**Problem to solve:**
Taking the listing below, restate word for word each line from the line with "Akt ist eine" to the line with "Örnek: Namık Kemal", ends included, and stop there.
#### Data in this exercise ####
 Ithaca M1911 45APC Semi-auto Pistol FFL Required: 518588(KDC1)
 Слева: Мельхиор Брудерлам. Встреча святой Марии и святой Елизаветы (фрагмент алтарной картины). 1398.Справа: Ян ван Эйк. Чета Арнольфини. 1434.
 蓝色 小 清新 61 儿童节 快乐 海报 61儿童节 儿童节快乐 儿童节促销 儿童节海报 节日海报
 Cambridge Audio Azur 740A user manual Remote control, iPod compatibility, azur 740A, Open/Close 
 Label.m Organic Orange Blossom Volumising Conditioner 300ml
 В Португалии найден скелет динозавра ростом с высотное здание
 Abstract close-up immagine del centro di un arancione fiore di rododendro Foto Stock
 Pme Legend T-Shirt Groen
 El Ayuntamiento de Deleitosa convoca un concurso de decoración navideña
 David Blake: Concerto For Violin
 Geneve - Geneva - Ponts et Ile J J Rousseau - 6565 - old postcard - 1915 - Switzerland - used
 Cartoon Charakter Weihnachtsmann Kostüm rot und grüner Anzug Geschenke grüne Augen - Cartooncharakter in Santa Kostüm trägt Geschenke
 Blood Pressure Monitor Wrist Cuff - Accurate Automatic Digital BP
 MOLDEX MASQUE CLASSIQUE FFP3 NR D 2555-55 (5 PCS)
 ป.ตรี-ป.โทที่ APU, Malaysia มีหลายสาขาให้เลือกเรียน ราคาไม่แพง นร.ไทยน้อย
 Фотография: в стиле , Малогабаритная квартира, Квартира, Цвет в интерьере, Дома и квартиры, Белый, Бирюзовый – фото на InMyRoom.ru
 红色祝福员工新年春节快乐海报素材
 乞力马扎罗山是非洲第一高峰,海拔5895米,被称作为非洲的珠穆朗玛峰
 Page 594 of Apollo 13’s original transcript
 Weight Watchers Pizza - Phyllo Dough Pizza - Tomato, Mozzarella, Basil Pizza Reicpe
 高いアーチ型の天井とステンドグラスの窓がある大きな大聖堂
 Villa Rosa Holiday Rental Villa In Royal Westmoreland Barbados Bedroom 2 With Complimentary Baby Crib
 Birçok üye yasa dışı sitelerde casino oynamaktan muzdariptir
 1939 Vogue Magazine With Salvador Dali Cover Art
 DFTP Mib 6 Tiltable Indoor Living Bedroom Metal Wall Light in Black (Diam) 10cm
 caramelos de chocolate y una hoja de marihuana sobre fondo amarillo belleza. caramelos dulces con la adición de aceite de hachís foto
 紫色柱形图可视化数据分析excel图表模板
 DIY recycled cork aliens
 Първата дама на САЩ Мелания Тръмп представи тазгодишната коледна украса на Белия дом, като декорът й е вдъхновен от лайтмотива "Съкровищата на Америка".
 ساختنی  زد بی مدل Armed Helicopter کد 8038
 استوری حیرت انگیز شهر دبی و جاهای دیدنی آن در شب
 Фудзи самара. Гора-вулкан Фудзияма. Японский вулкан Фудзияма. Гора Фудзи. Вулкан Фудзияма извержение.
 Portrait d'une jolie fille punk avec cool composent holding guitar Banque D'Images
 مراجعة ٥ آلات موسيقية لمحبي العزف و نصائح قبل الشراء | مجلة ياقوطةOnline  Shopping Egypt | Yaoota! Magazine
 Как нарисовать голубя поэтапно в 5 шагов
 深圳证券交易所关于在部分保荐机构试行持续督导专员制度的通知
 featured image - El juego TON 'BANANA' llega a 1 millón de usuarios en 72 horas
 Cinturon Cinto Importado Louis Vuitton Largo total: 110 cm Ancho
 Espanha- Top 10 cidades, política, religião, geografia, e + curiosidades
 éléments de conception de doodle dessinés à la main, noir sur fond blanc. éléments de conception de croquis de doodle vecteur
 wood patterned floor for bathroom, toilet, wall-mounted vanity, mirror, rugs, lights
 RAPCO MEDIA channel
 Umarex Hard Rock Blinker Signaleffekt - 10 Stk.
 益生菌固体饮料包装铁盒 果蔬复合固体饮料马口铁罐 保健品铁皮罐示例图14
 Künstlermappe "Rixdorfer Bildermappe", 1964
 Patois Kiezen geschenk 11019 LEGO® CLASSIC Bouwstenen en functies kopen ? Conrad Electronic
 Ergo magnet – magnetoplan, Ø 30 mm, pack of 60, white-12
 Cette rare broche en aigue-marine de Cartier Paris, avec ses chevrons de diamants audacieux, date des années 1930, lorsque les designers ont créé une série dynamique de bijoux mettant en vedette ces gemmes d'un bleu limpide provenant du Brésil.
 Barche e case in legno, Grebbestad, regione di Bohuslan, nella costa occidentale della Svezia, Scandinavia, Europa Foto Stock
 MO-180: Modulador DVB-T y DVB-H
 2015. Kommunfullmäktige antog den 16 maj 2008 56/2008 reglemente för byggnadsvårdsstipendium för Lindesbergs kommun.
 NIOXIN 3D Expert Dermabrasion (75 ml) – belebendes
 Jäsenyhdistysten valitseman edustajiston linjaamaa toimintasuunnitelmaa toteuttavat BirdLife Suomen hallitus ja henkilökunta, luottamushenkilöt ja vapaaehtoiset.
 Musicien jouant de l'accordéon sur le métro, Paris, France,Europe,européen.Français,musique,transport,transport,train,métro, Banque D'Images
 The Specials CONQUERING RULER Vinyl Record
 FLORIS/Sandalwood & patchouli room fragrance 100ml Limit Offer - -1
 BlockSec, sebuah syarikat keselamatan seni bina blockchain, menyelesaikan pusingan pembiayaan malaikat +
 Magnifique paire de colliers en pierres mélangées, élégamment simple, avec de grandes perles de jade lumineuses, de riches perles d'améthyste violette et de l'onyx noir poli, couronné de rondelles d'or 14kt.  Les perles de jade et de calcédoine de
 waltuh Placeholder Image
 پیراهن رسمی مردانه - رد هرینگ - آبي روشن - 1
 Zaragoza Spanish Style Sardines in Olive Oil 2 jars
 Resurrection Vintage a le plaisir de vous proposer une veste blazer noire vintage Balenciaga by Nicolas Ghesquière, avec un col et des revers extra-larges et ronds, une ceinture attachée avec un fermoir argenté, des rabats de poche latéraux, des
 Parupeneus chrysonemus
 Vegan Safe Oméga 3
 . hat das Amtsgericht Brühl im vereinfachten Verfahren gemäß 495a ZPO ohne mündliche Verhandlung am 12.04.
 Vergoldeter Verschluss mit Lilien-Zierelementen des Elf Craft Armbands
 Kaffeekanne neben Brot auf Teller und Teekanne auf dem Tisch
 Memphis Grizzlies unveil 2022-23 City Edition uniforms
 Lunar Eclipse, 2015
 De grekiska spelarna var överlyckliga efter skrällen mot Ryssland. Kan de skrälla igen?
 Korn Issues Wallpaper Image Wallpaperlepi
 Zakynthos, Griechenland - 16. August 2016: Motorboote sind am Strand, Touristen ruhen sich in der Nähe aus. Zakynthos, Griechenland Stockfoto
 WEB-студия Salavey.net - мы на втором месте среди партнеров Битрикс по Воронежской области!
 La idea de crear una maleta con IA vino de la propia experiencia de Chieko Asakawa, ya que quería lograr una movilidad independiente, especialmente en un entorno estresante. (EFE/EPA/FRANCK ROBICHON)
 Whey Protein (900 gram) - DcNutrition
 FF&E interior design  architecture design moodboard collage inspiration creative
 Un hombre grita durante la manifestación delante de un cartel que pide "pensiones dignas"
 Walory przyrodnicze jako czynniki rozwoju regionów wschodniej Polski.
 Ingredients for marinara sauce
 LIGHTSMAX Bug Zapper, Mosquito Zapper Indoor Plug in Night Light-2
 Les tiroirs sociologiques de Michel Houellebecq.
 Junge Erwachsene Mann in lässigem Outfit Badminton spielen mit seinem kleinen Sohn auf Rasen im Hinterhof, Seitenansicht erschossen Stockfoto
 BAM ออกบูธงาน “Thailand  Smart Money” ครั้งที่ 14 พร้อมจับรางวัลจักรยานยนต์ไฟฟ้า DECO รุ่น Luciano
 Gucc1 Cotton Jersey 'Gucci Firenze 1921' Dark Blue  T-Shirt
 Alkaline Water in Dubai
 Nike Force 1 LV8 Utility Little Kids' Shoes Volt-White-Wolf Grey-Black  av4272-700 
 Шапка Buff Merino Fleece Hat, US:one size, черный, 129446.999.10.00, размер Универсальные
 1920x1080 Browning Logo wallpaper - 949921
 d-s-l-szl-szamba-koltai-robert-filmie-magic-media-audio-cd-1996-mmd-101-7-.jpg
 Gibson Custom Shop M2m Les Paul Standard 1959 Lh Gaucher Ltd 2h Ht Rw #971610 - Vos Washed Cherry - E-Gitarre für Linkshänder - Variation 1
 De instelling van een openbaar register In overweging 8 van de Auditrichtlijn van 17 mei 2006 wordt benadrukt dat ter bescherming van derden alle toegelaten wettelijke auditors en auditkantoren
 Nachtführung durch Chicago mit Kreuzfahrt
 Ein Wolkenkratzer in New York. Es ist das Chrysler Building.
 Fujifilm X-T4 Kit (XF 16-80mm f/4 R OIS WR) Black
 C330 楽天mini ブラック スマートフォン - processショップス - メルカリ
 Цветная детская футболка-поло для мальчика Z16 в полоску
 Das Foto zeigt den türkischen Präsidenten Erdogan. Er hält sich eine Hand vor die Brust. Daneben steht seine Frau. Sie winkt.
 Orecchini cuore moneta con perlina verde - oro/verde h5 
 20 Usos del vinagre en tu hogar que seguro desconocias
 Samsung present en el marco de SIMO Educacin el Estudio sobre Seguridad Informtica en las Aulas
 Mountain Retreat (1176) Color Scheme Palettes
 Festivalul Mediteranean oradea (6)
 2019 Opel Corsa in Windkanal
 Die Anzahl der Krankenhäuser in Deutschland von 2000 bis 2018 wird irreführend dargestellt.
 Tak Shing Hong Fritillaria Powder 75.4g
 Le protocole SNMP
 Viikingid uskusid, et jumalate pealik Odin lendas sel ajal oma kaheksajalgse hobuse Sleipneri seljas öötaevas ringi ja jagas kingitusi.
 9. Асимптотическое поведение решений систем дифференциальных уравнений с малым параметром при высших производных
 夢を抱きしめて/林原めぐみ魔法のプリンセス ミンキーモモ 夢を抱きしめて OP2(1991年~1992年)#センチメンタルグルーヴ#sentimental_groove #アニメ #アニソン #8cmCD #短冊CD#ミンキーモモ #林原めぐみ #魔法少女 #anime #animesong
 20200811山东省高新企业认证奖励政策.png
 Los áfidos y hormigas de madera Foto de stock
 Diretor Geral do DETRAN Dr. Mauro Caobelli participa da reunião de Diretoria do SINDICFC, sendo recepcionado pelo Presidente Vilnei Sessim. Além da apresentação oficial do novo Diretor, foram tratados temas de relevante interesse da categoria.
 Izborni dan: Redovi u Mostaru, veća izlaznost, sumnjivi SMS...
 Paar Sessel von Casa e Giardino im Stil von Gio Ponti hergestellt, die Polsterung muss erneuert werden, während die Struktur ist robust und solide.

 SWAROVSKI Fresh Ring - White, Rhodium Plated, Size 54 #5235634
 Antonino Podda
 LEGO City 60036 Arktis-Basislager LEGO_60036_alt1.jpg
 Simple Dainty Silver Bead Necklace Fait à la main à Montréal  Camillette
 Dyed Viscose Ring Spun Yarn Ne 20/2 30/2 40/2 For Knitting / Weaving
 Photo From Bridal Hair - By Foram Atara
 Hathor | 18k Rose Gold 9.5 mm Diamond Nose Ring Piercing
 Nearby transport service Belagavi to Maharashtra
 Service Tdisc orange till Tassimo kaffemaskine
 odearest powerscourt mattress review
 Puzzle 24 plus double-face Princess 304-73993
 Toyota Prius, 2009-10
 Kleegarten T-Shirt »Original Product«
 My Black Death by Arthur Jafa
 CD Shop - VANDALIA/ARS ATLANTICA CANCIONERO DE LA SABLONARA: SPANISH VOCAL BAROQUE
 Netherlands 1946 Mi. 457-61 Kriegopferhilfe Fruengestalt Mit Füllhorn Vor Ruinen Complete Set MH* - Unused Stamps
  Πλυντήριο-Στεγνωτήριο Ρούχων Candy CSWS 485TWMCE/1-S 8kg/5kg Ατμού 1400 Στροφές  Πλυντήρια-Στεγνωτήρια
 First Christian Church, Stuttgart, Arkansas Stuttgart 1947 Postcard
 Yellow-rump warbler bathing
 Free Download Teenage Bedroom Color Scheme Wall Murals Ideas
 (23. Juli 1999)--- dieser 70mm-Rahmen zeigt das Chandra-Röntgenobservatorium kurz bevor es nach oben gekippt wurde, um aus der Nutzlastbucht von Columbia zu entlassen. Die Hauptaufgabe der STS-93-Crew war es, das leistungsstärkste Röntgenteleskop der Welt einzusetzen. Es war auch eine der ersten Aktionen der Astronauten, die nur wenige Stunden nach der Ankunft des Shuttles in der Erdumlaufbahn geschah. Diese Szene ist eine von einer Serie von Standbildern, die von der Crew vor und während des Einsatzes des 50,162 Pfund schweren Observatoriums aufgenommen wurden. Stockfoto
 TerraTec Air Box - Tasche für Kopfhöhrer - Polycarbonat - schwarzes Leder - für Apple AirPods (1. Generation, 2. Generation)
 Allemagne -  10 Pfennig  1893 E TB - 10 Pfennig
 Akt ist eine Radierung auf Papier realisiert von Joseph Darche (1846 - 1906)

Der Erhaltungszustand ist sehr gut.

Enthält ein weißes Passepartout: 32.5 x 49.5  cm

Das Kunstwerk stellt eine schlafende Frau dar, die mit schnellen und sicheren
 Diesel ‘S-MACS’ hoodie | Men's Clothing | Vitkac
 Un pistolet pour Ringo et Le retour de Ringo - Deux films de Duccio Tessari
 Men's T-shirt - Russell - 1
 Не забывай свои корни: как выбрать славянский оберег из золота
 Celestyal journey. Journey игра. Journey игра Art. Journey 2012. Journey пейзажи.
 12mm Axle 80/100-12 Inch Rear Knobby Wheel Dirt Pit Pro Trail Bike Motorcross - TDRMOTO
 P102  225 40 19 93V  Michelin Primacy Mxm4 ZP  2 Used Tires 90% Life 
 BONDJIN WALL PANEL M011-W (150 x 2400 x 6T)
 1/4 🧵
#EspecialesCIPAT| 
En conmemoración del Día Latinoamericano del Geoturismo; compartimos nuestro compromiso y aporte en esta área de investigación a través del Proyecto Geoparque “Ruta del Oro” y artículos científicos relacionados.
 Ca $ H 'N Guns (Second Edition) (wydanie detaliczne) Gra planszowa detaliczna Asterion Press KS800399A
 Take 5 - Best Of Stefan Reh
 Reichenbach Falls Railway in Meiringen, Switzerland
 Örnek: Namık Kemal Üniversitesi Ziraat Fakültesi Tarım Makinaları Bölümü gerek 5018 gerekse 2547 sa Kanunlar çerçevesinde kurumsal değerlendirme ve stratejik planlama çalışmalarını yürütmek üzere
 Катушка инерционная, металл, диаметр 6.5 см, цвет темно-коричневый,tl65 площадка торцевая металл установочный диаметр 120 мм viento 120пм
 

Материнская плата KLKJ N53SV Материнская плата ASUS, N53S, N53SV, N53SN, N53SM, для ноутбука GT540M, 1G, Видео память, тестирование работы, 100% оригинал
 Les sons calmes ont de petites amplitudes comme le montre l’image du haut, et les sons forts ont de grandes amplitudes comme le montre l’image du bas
####
**Task answer:**
 Akt ist eine Radierung auf Papier realisiert von Joseph Darche (1846 - 1906)

Der Erhaltungszustand ist sehr gut.

Enthält ein weißes Passepartout: 32.5 x 49.5  cm

Das Kunstwerk stellt eine schlafende Frau dar, die mit schnellen und sicheren
 Diesel ‘S-MACS’ hoodie | Men's Clothing | Vitkac
 Un pistolet pour Ringo et Le retour de Ringo - Deux films de Duccio Tessari
 Men's T-shirt - Russell - 1
 Не забывай свои корни: как выбрать славянский оберег из золота
 Celestyal journey. Journey игра. Journey игра Art. Journey 2012. Journey пейзажи.
 12mm Axle 80/100-12 Inch Rear Knobby Wheel Dirt Pit Pro Trail Bike Motorcross - TDRMOTO
 P102  225 40 19 93V  Michelin Primacy Mxm4 ZP  2 Used Tires 90% Life 
 BONDJIN WALL PANEL M011-W (150 x 2400 x 6T)
 1/4 🧵
#EspecialesCIPAT| 
En conmemoración del Día Latinoamericano del Geoturismo; compartimos nuestro compromiso y aporte en esta área de investigación a través del Proyecto Geoparque “Ruta del Oro” y artículos científicos relacionados.
 Ca $ H 'N Guns (Second Edition) (wydanie detaliczne) Gra planszowa detaliczna Asterion Press KS800399A
 Take 5 - Best Of Stefan Reh
 Reichenbach Falls Railway in Meiringen, Switzerland
 Örnek: Namık Kemal Üniversitesi Ziraat Fakültesi Tarım Makinaları Bölümü gerek 5018 gerekse 2547 sa Kanunlar çerçevesinde kurumsal değerlendirme ve stratejik planlama çalışmalarını yürütmek üzere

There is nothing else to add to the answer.